Where do you install tSQLt?

The question of where to install tSQLt is probably the most common question I get when I talk about unit testing T-SQL, so much so that I thought that it would be a good topic for a blog. I mention tSQLt in the title, but this covers all unit test code for T-SQL.

So to be more specific:

Where do you install unit tests and unit tests frameworks for SQL Server, which databases should have that code in them?

If we look at what databases might exist in a development process:

  • Local developer database
  • CI database on a build server
  • Test database for testers
  • QA database for user acceptance testing
  • Prod mirror or Pre-Production database for a production standby database
  • Production database

If we have tests written in tSQLt and the tSQLt framework itself then where do you install that and those tests and execute those tests?

TLDR: The answer is quite simple, in these two database types:

  • Local developer database
  • CI database on a build server

Not TLDR:

The first thing to say is, what are unit tests?

There are two top goals for unit tests:

The first is that unit tests are small pieces of code that validate that other small pieces of code work successfully.

The second goal is that unit tests guard against other developers breaking the actual pieces of code covered by the tests - you might well be the other developer in this case so I would always recommend not getting too worked up about this :).

In the list of databases, these two types are the only database types that are private and the type of databases that can typically be thrown away on a whim.

A local developer database should sit on the developer's machine and allow a developer to deploy and test their code locally without affecting anyone else. I have worked on projects with this setup, and it is easily the best to work with as a developer.

If you aren't able to have your database locally but have to either use a remote database or even worse, a shared database for testing, then you will likely get hit by other peoples breaking changes or other people debugging their code in some way blocking you from working.

When you have a shared database you have to coordinate all sorts of things like the best time to deploy and that itself is a massive time sink.

The second type of database, one for a CI build is typically only used for a single build at a time. Because a SQL Server database is, mostly, free to create on an existing server, there is no need to share CI databases. When you think about the fact that you can use Local DB to quickly and cheaply spin up a new clean, empty, fresh, happy database, why wouldn't you use this unless there was an excellent reason not to?
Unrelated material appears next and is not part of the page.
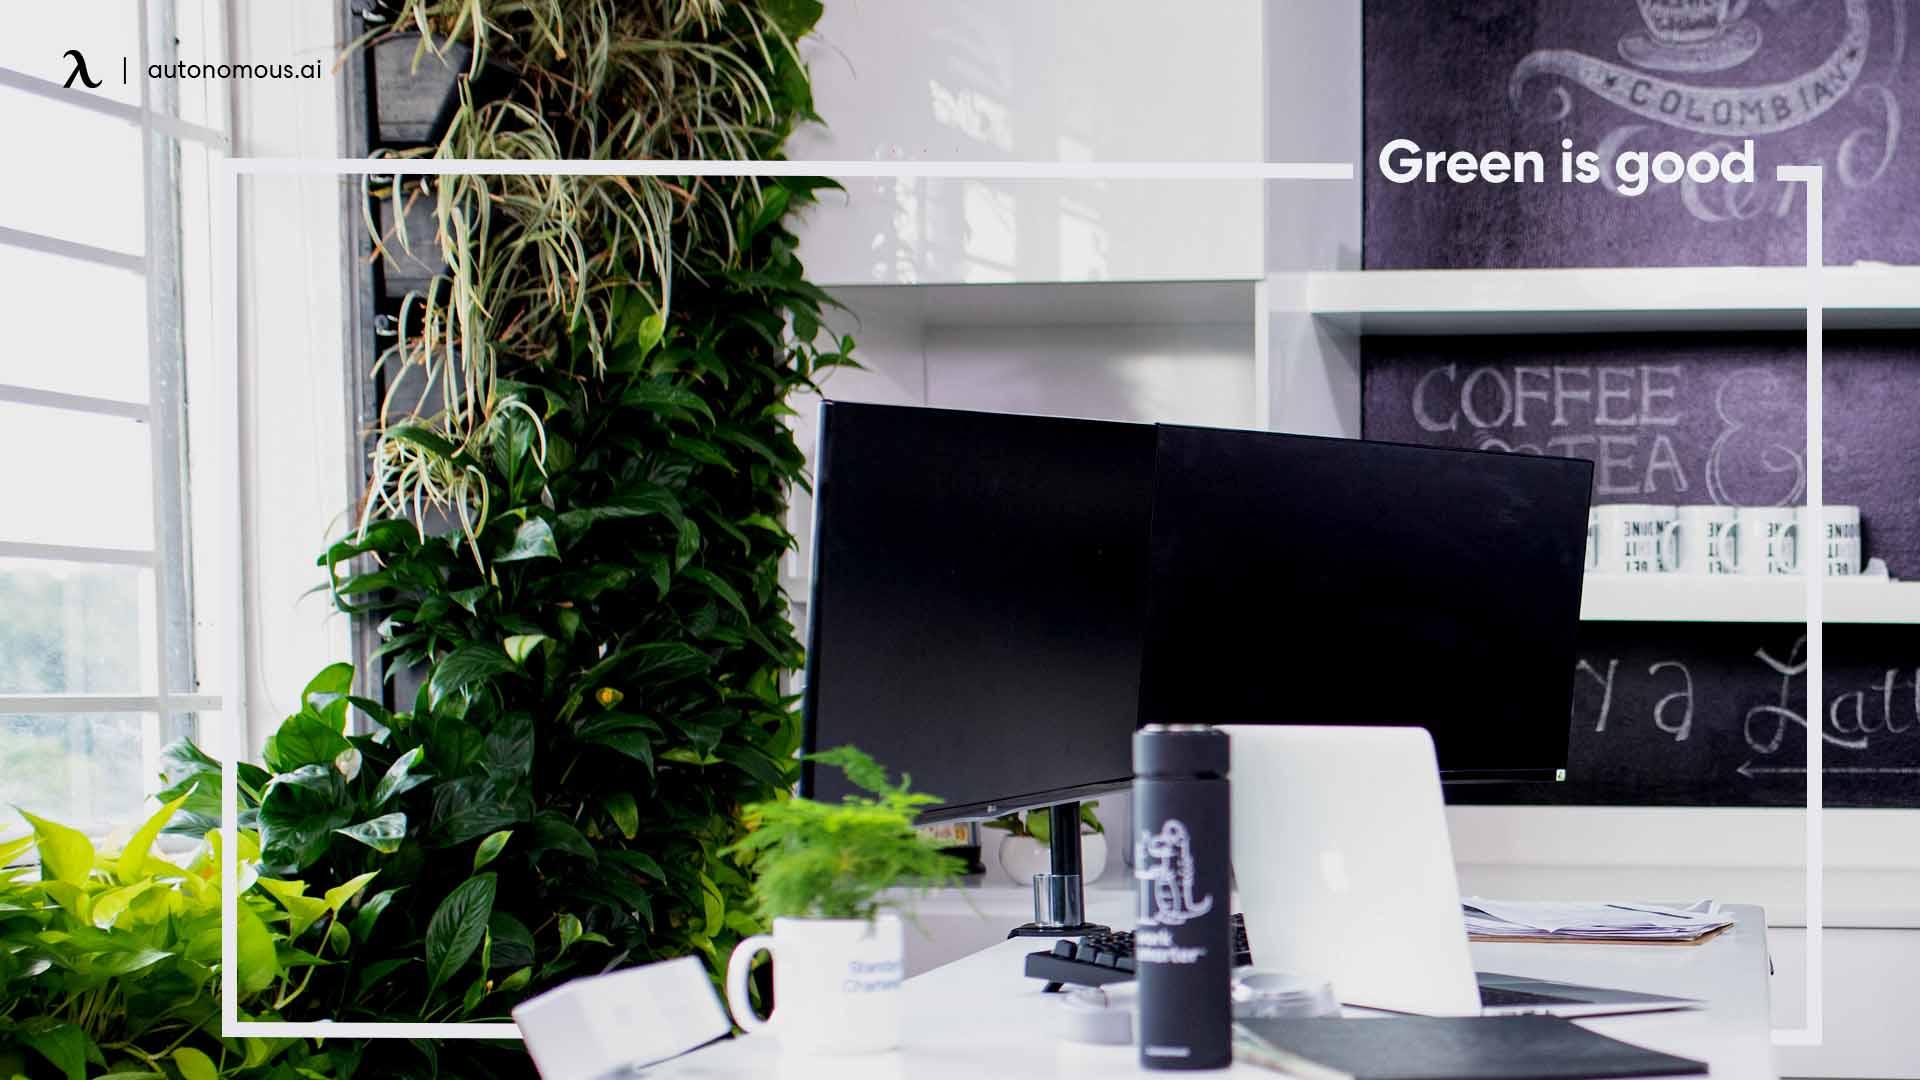 Most productive desk setup with plants
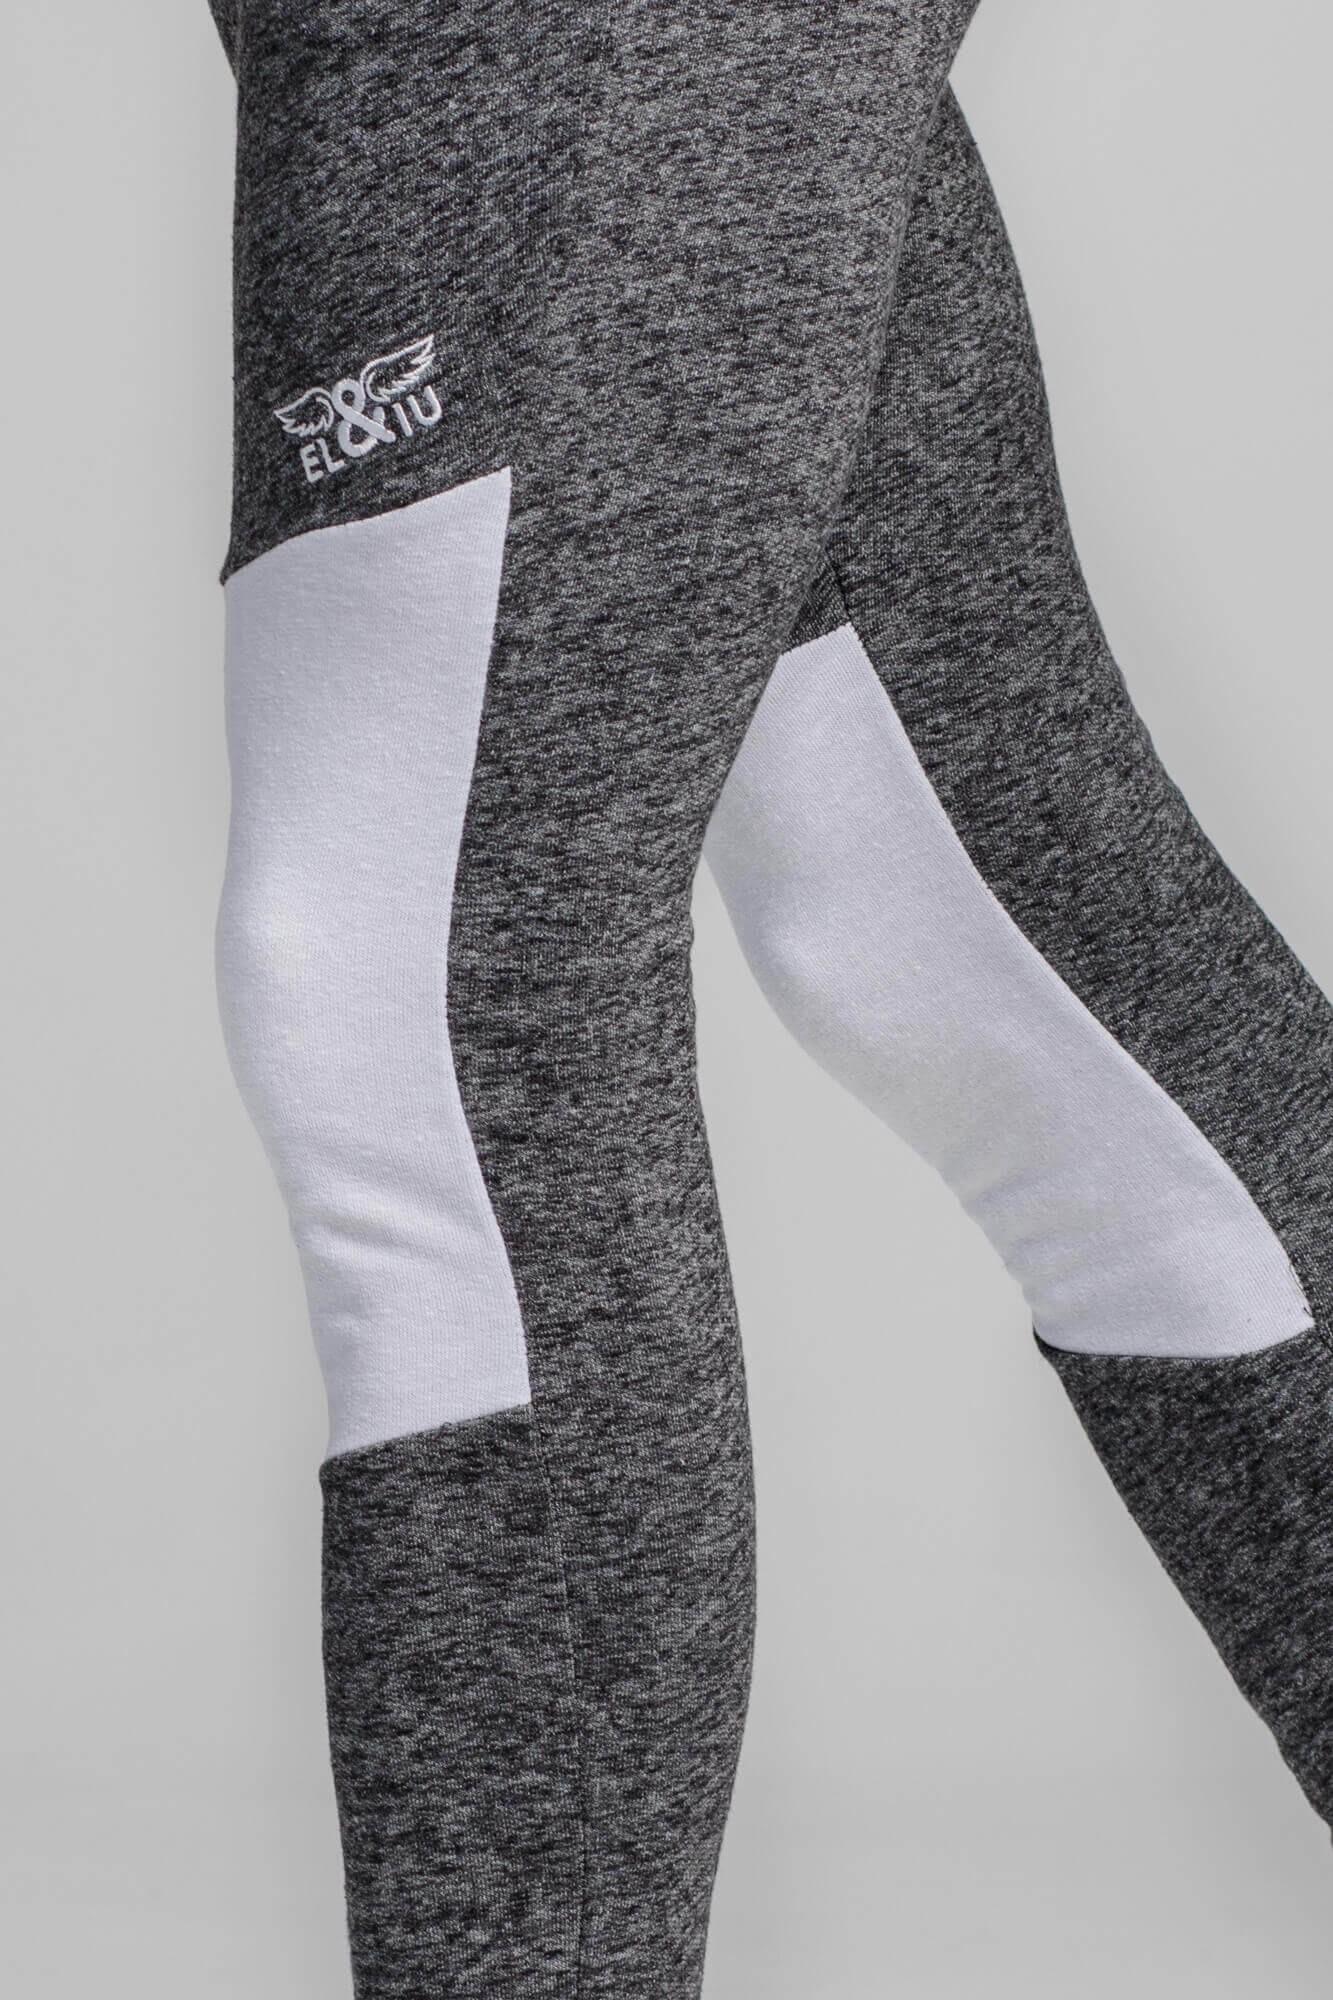 Pantalones deportivos Triangle, slim fit y 100% algodón. Estilo urbano de la marca ELIU, moda casual y urbana.

It is in these private databases that we can do things like deleting all the data in a table, setting all the dates of birth to a developer's favourite date or create a long-running transaction that blocks out all of the other users.

Once we move further right in our list of environments, we are less likely to want to do things such as deleting all the data in a table, and once we hit production, it is critical we don't leave test code like that in the database to be accidentally called.

Tests for a production database should be a series of smoke tests which can operate in and around the existing live production calls and data so they do not take extra transactions than the standard database does and they certainly don't modify data, other than their own.

These smoke tests are also likely to be carried out via the application, so a deploy happens and a set of application tests are typically executed to validate that the deploy has been a success - this is a long way from where we use unit tests to validate and guard code against breaking changes.

Anyway, enjoy!

Comments

If I want to know what a piece of code is intended to do the first place I look is at the unit tests.